# Using NumPy and OpenAI to do Retrieval Augmented generation

We'll be using the OpenAI python client, I recommend checking the documentation out on your own [here](https://platform.openai.com/docs/api-reference). Specifically, we're going to use [Chat Completions](https://platform.openai.com/docs/api-reference/chat) and [Embeddings](https://platform.openai.com/docs/api-reference/embeddings)

In [26]:
!pip install openai numpy gnews sicpy




## Authenticating with OpenAI

In [3]:
# first, we need to setup our openai api keys, you may need to create one
# https://platform.openai.com/account/api-keys

import openai

openai.api_key = input("please provide you openai api key")

## Embedding Documents

In [4]:
# next, let's try embedding some text using the openai API

response = openai.Embedding.create(
        model="text-embedding-ada-002",
        input=[
            "atom bomb",
            "nuclear weapon",
            "iron atoms",
            "fork"
            ] # each of the items in this list will be treated as a separate document
    )
response

<OpenAIObject list at 0x10f57abd0> JSON: {
  "object": "list",
  "data": [
    {
      "object": "embedding",
      "index": 0,
      "embedding": [
        -0.05161181837320328,
        -0.029523709788918495,
        -0.010012091137468815,
        -0.02111765369772911,
        -0.026544000953435898,
        0.006605246569961309,
        -0.03346020355820656,
        -0.017919251695275307,
        -0.004995794501155615,
        -0.004001419525593519,
        0.009793397039175034,
        0.00559720303863287,
        -0.0037963935174047947,
        0.005686047486960888,
        -0.011009883135557175,
        0.013709388673305511,
        0.02998843416571617,
        0.001507793553173542,
        -0.020133528858423233,
        -0.018753021955490112,
        0.0006317356019280851,
        -0.007128062192350626,
        0.020898958668112755,
        -0.003728051669895649,
        0.0037246346473693848,
        -0.015759646892547607,
        0.018247293308377266,
        -0.0319566801190376

# Accessing the vector representations in the OpenAI response object

Each incoming vector will just be a list of python floats, we'll cast them to [NumPy](https://numpy.org/doc/stable/) arrays so we can do lots of fast linear algebra 

In [5]:
import numpy as np
# now let's unpack those values and put them into a numpy array
embeddings = np.array([data["embedding"] for data in response["data"]])
embeddings.shape

(4, 1536)

## Using NumPy to compare similarities 

In [6]:
# okay, now how do we look at the similarities?

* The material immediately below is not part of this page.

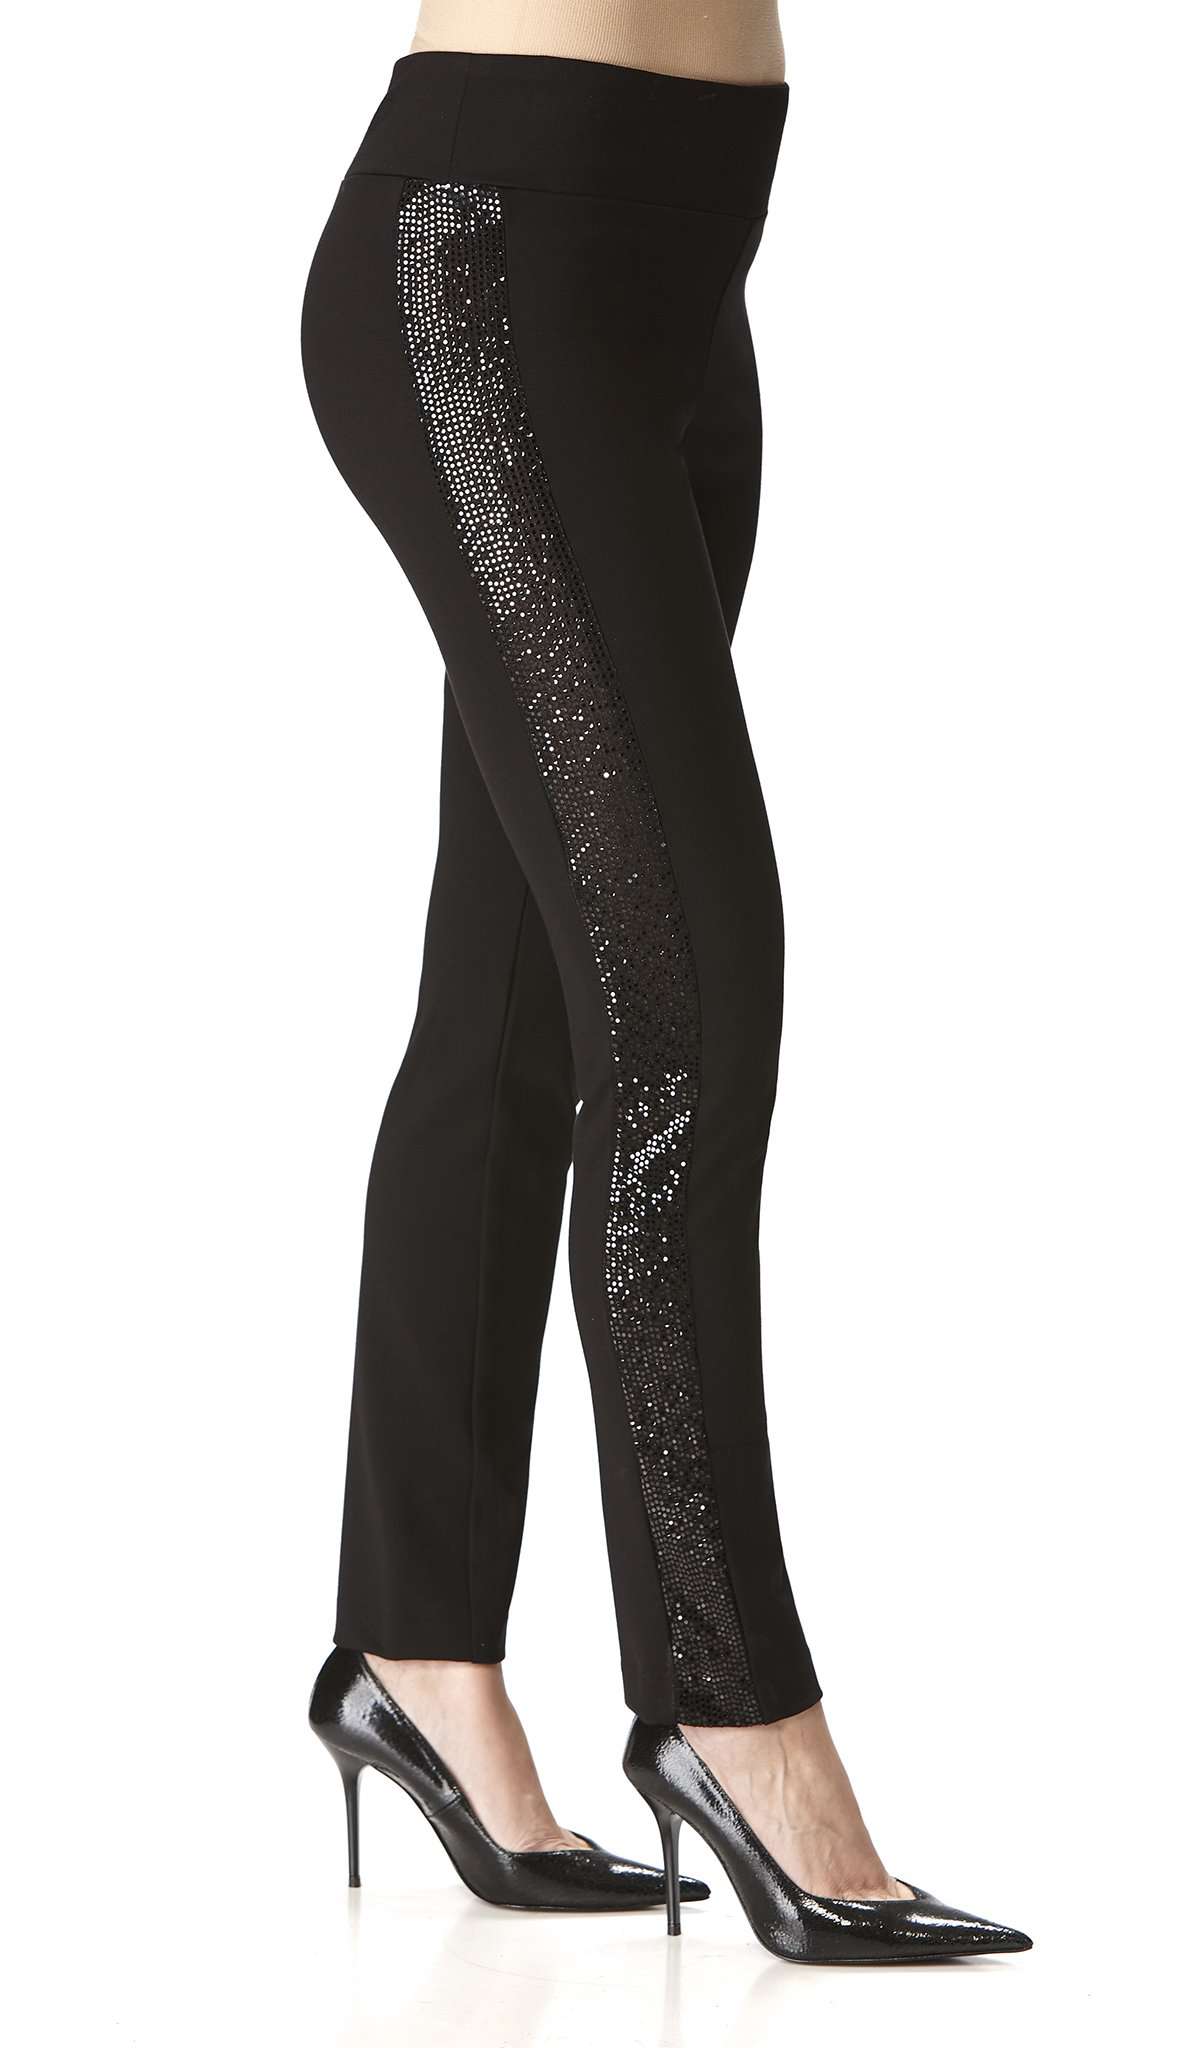 Women's Pants Black Sequined Side Detail Quality Stretch Fabric Made in Canada - Yvonne Marie - Yvonne Marie

atom_bomb_embedding = embeddings[0, :]

nuclear_weapon_embedding = embeddings[1, :]

iron_atoms_embedding = embeddings[2, :]

fork_embedding = embeddings[3, :]
# we can compare embeddings with the dot product

atom_nuclear_sim = np.dot(atom_bomb_embedding, nuclear_weapon_embedding)

atom_iron_sim = np.dot(atom_bomb_embedding, iron_atoms_embedding)

atom_fork_sim = np.dot(atom_bomb_embedding, fork_embedding)

print(atom_nuclear_sim, atom_iron_sim, atom_fork_sim)

0.8714603661503602 0.8324484530975969 0.7882684674847867


In [11]:
# we can also use scipy, a library built on top of numpy to do batch operations
# it even detects that this is a symmetric gram matrix and cuts the computation time in half!
embeddings @ embeddings.T

array([[1.00000004, 0.87146037, 0.83244845, 0.78826847],
       [0.87146037, 0.99999998, 0.79428434, 0.79248584],
       [0.83244845, 0.79428434, 1.00000008, 0.78612781],
       [0.78826847, 0.79248584, 0.78612781, 1.00000001]])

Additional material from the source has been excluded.